Drei Monate E-Akte beim Landgericht Wahlvorschlag

 

Vor drei Monaten, am 4. September 2023, wurde die elektronische Akte am Landgericht in Zivilsachen feierlich begrüßt. Seit diesem Tag werden die neu eingehenden erst- und zweitinstanzlichen Verfahren im „elektronischen Integrationsportal“ (eIP) papierlos geführt.

Die Vorbereitungsphase verlief zunächst etwas holperig. Bereits einige Monate zuvor war die Hausleitung an alle Richterinnen und Richter herangetreten mit dem Anliegen, eine Signaturkarte bei einer Tochtergesellschaft der Bundesdruckerei zu beantragen. Die Karte sollte per Einschreiben an die Privatadresse der Antragstellenden versandt werden. Hiergegen meldete der Richterrat datenschutzrechtliche und Sicherheitsbedenken an. Nach einigem Hin und Her war es schließlich möglich, die Signaturkarte ohne Angabe der Privatanschrift zu beantragen und an die Dienststelle zusenden zu lassen.

Etappenweise wurden die Richterinnen und Richter in Informationsveranstaltungen im Juni, freiwilligen Schulungen im Juli und die Einführung begleitenden Schulungen im September mit dem Gedanken an die Arbeit mit elektronischen Akten vertraut gemacht. Die Resonanz war geteilt; während einige die E-Akte überfällig fanden, brachten andere ihre Skepsis deutlich zum Ausdruck. Zur leichteren Umgewöhnung wurden in das eIP Elemente aus der analogen Aktenwelt integriert, wie ein „Aktenbock“, auf dem die elektronischen Akten in Form von Aufgaben quasi gestapelt vorgelegt werden, und ein „elektronischer Wachtmeister“, der zweimal am Tag neue Aufgaben bringt und bearbeitete Aufgaben abholt.

Allerdings ließen dann die E-Akten erstmal einige Wochen auf sich warten. Als sie schließlich peu à peu eintrafen, war im Vorteil, wer sich neben der PIN seiner Signaturkarte auch die Bedienung des neuen Programms gut eingeprägt hatte. Für alle anderen, die wieder wie Anfänger vor der ersten Akte saßen, gab es glücklicherweise nochmals ergänzende Schulungen und eine engagierte Vorortbetreuung, die direkt am Arbeitsplatz und am Fall Probleme lösen half. 
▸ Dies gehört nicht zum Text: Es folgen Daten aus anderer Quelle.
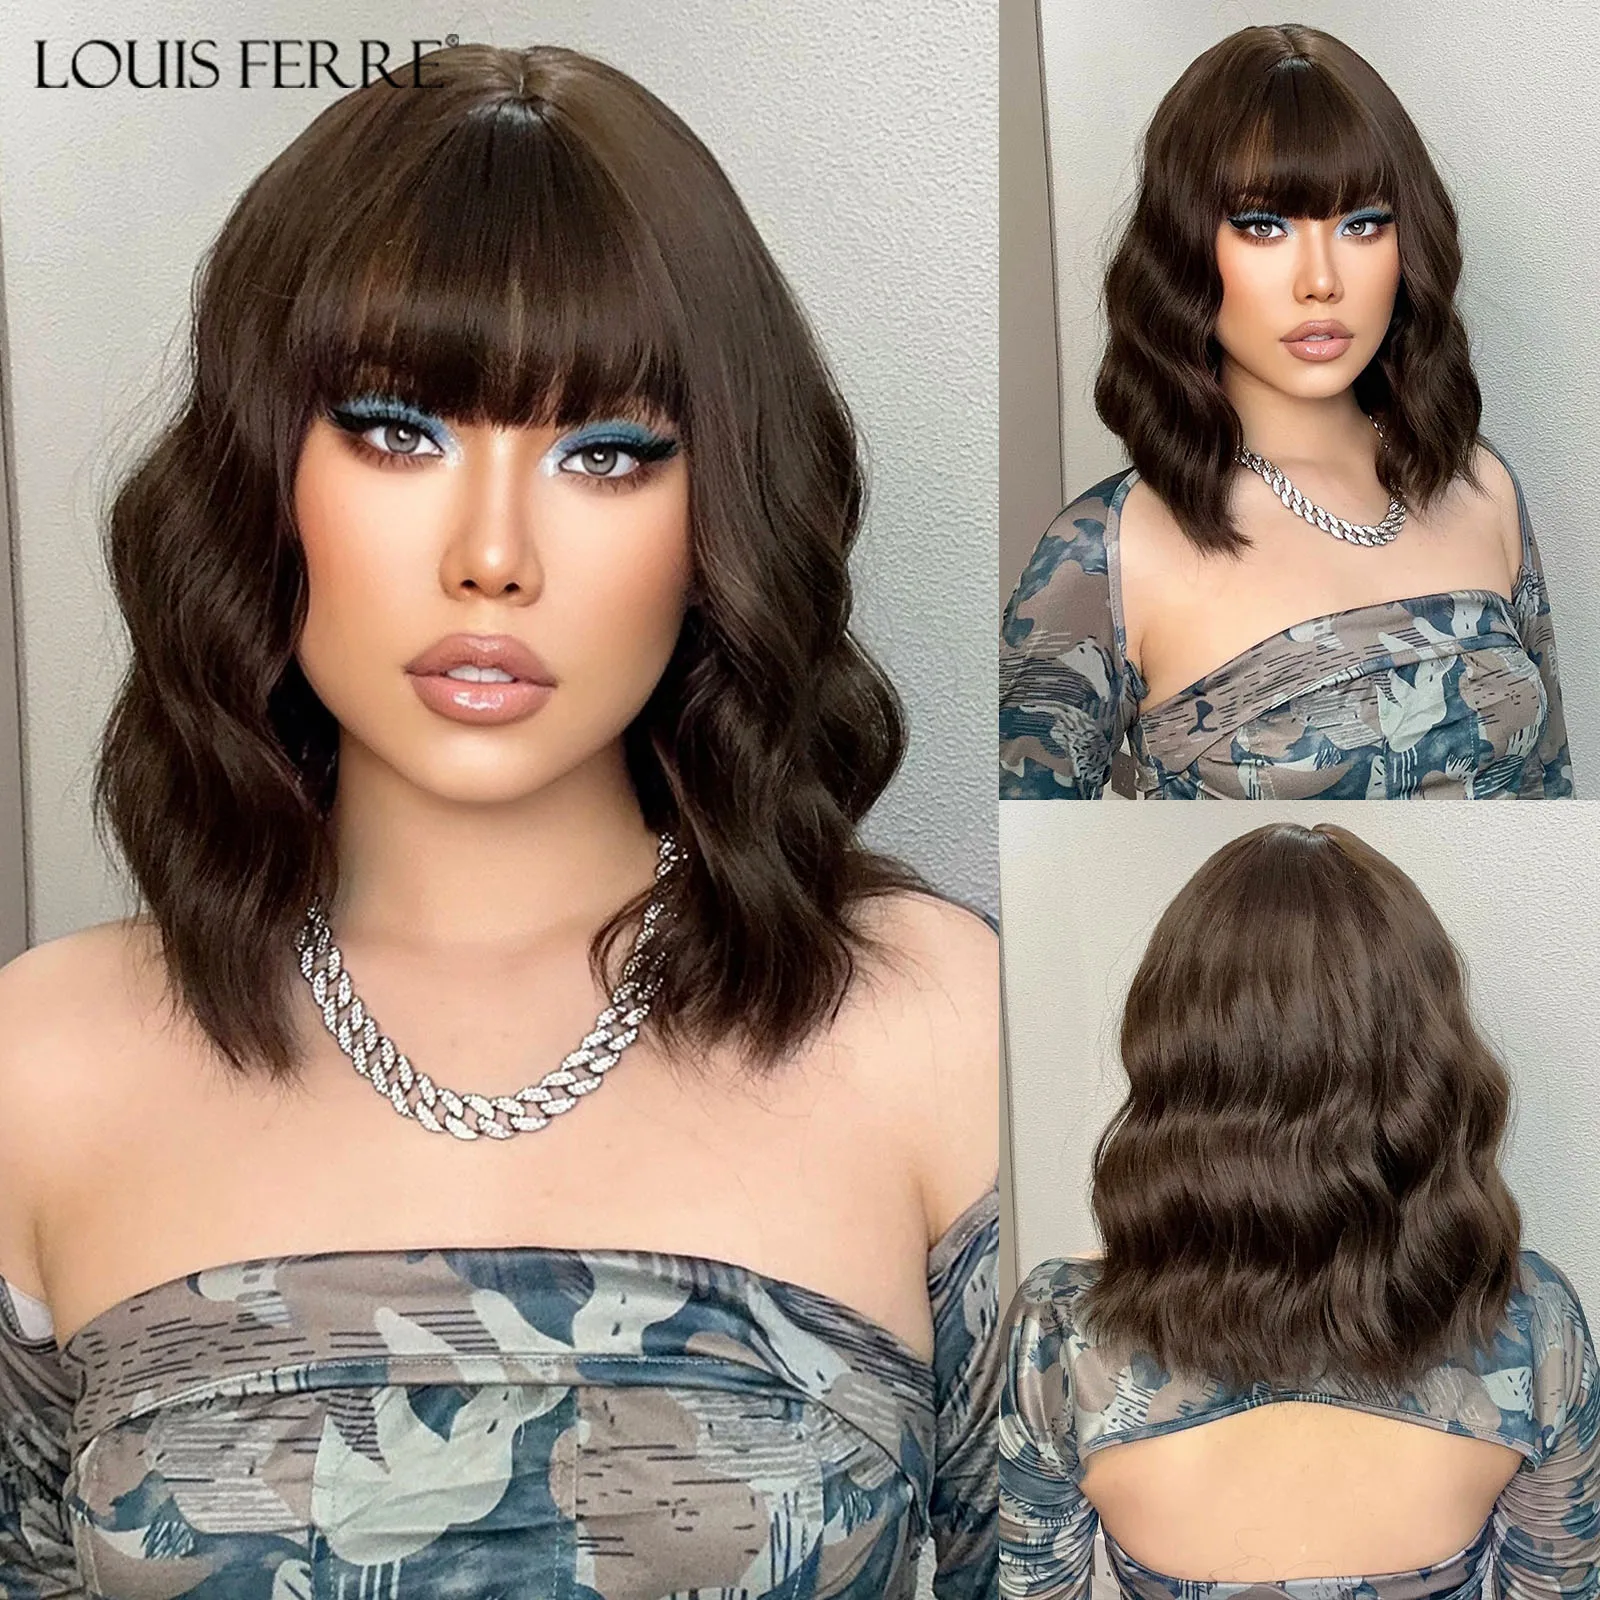 

LOUIS FERRE Short Black Brown Wavy Synthetic Wigs for Women Natural Wave Bob Wigs With Bangs Lolita Cosplay Heat Resistant Wig

Inzwischen ist es zur Routine geworden, sowohl in der Geschäftsstelle nach den analogen als auch im eIP nach den elektronischen Akten zu sehen. Manche Arbeitsschritte erleichtert die e-Akte, etwa durch die direkte Verknüpfung zu häufig benutzten Verfügungsvorlagen aus Forum Star und durch Schnelltextvorlagen. Andere sind umständlicher geworden; so müssen Kammerbeschlüsse und -urteile nunmehr bereits im Entwurf bis auf das letzte Komma abgestimmt sein. Denn wenn der erste sie signiert, können sie nicht mehr verändert werden. Anderenfalls müssen alle Unterzeichner neu signieren.

Abzuwarten bleibt, ob die E-Akte und die derzeitige Ausstattung mit Hardware sowohl im Gericht als auch im Home-Office sich eignen, um umfangreiche Akten zu erfassen und sachgerecht aufzuarbeiten. Für die Arbeit mit der E-Akte im Home-Office können Richterinnen und Richter die Ausstattung mit einer Maus, einer Tastatur, einem Monitor und einer Dockingstation beantragen.

In jedem Fall wird sich das Arbeitsumfeld fundamental ändern. Mit der Zeit werden sich nun die Aktenschränke in den Geschäftsstellen leeren, Gürteltiere sind vom Aussterben bedroht. Ob mit dem eIP der Sprung in das digitale Zeitalter sicher und für alle Beteiligten zufriedenstellend gelingt, wird die Zukunft zeigen.